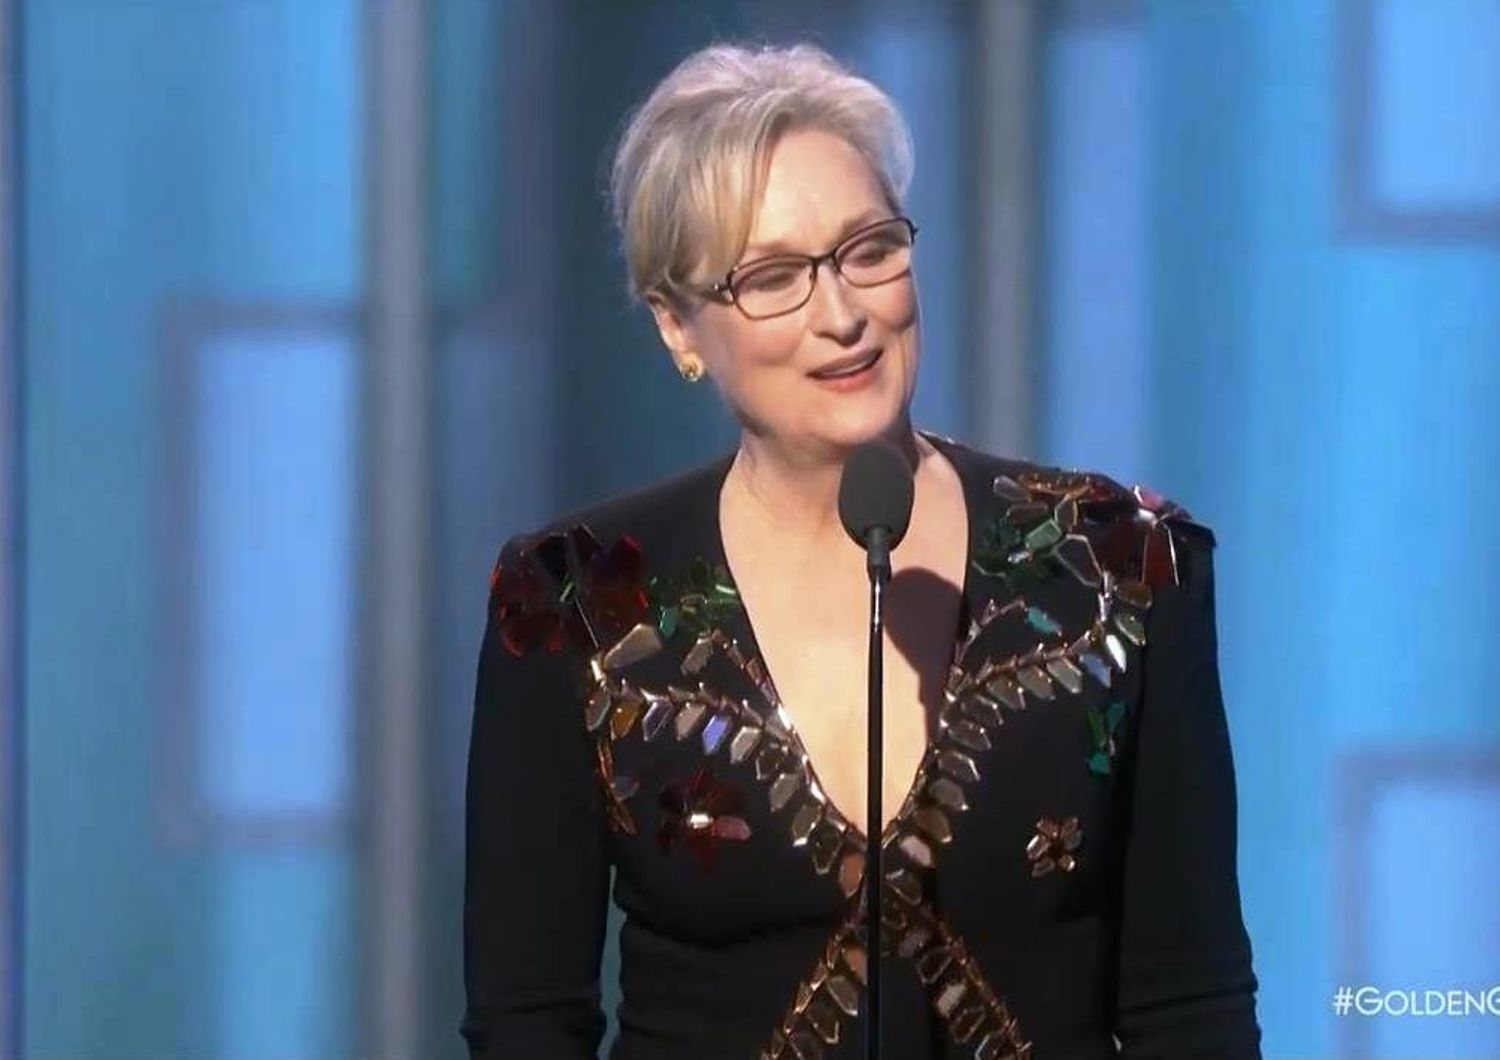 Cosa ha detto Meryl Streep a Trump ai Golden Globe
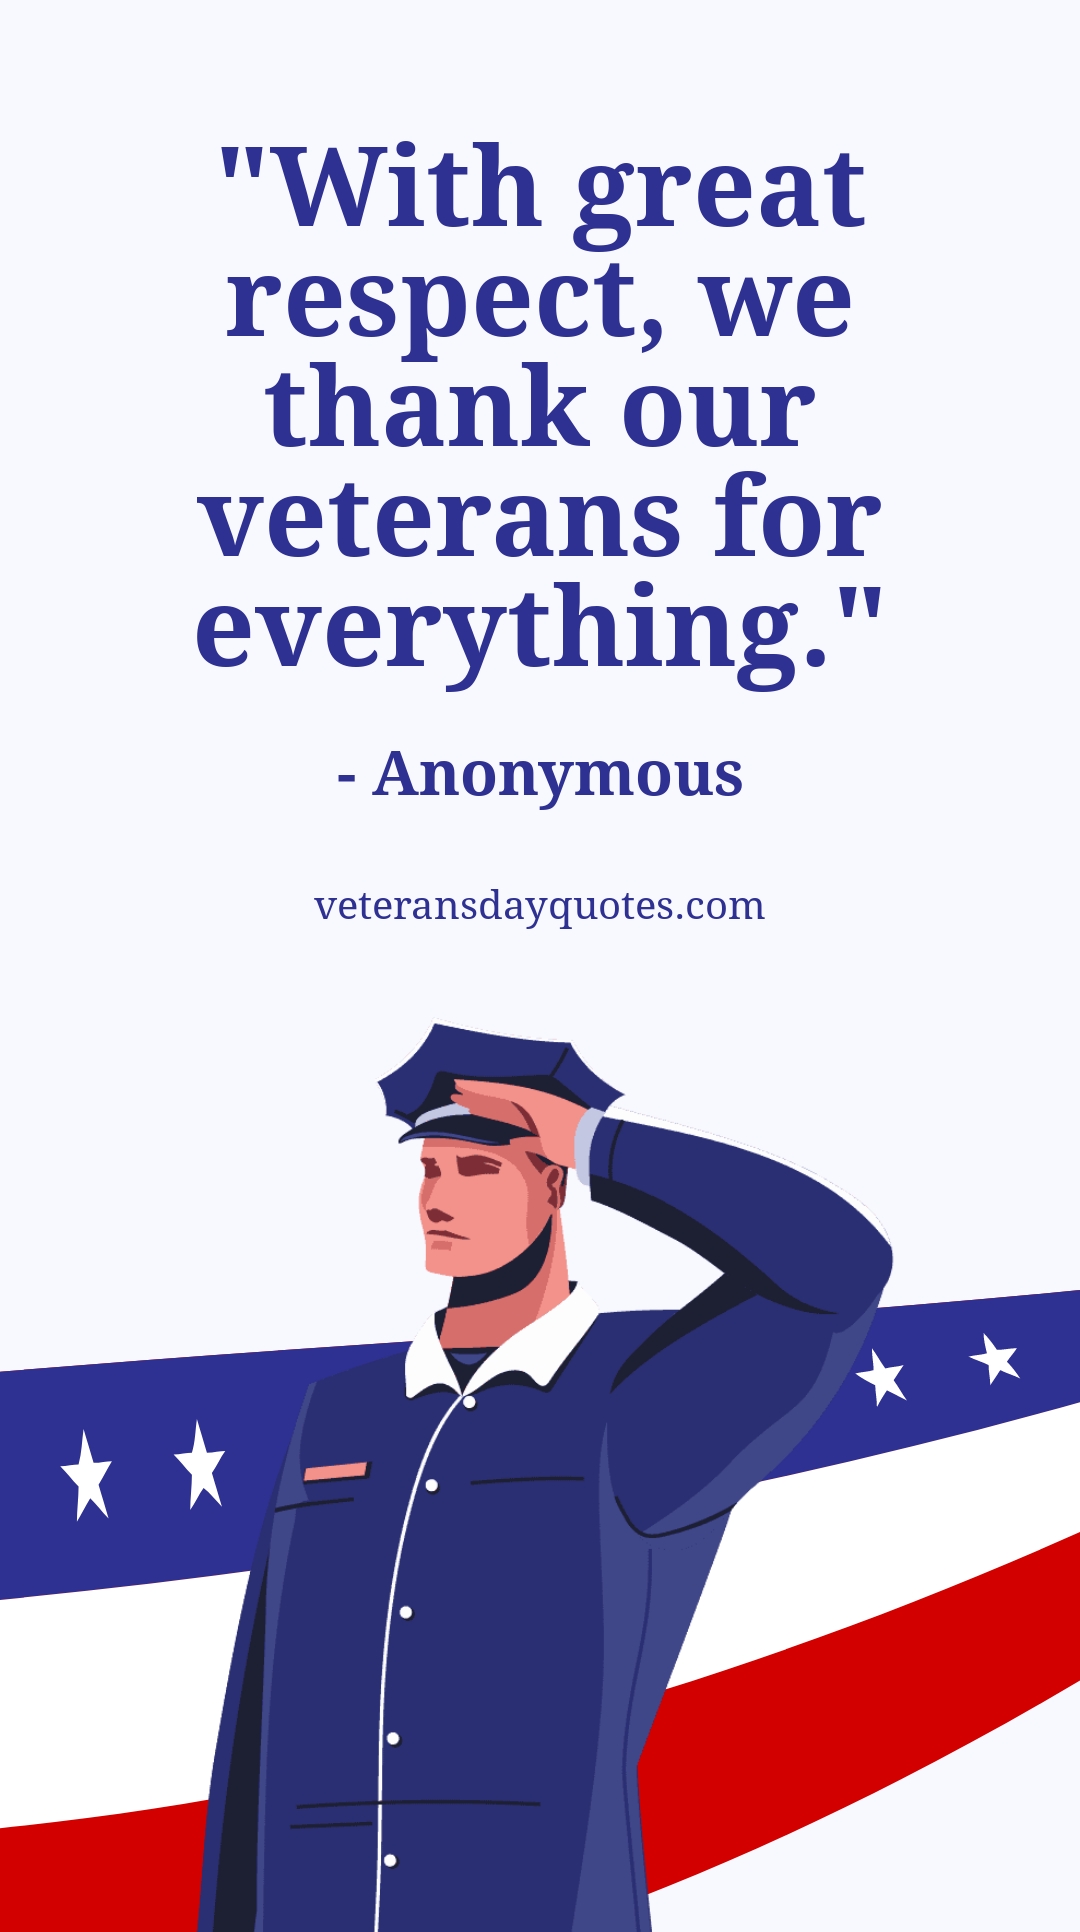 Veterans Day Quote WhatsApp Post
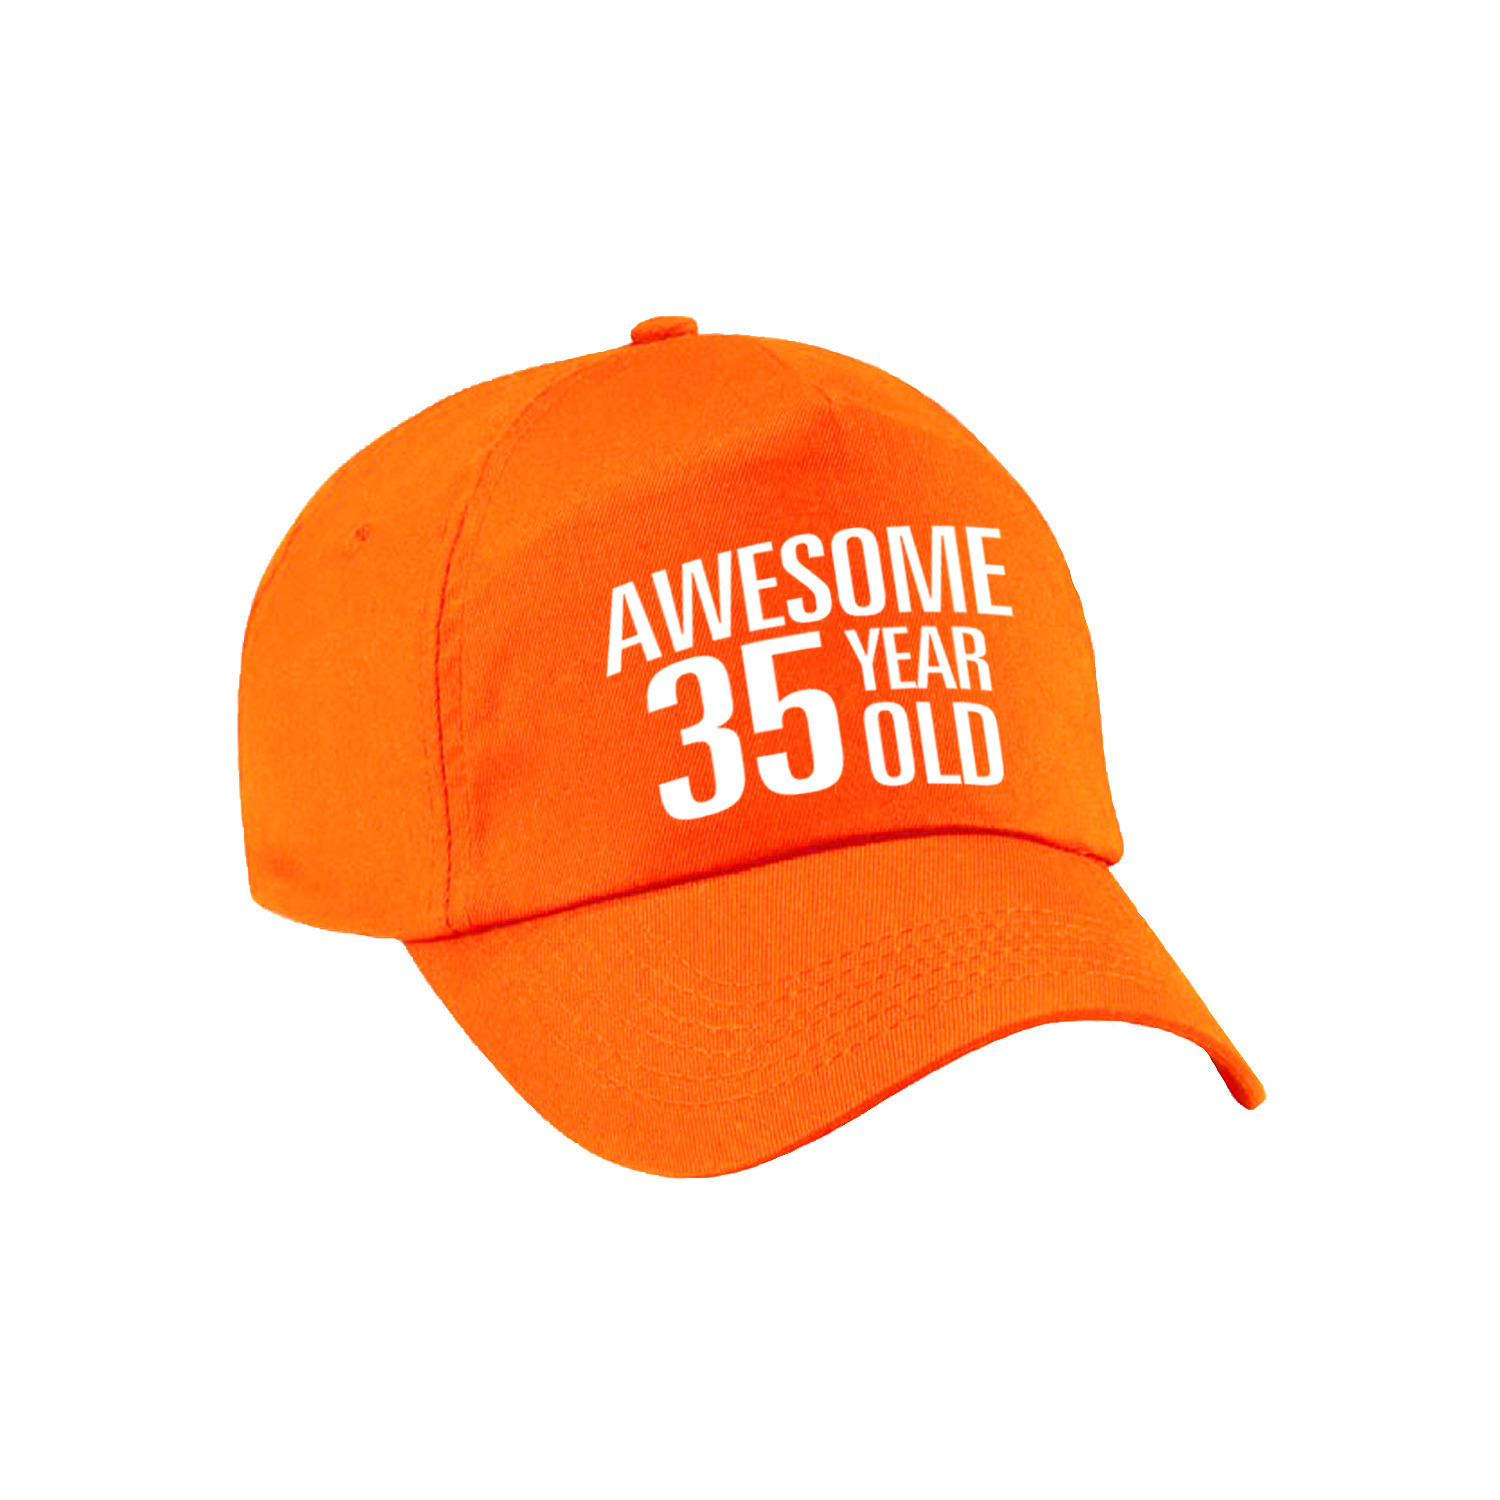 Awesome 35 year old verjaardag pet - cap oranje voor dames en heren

============================================================

» Task description
Each line above must be repeated exactly in the answer, with pictures omitted.

» Written answer
 Cosa ha detto Meryl Streep a Trump ai Golden Globe
 Veterans Day Quote WhatsApp Post
 Awesome 35 year old verjaardag pet - cap oranje voor dames en heren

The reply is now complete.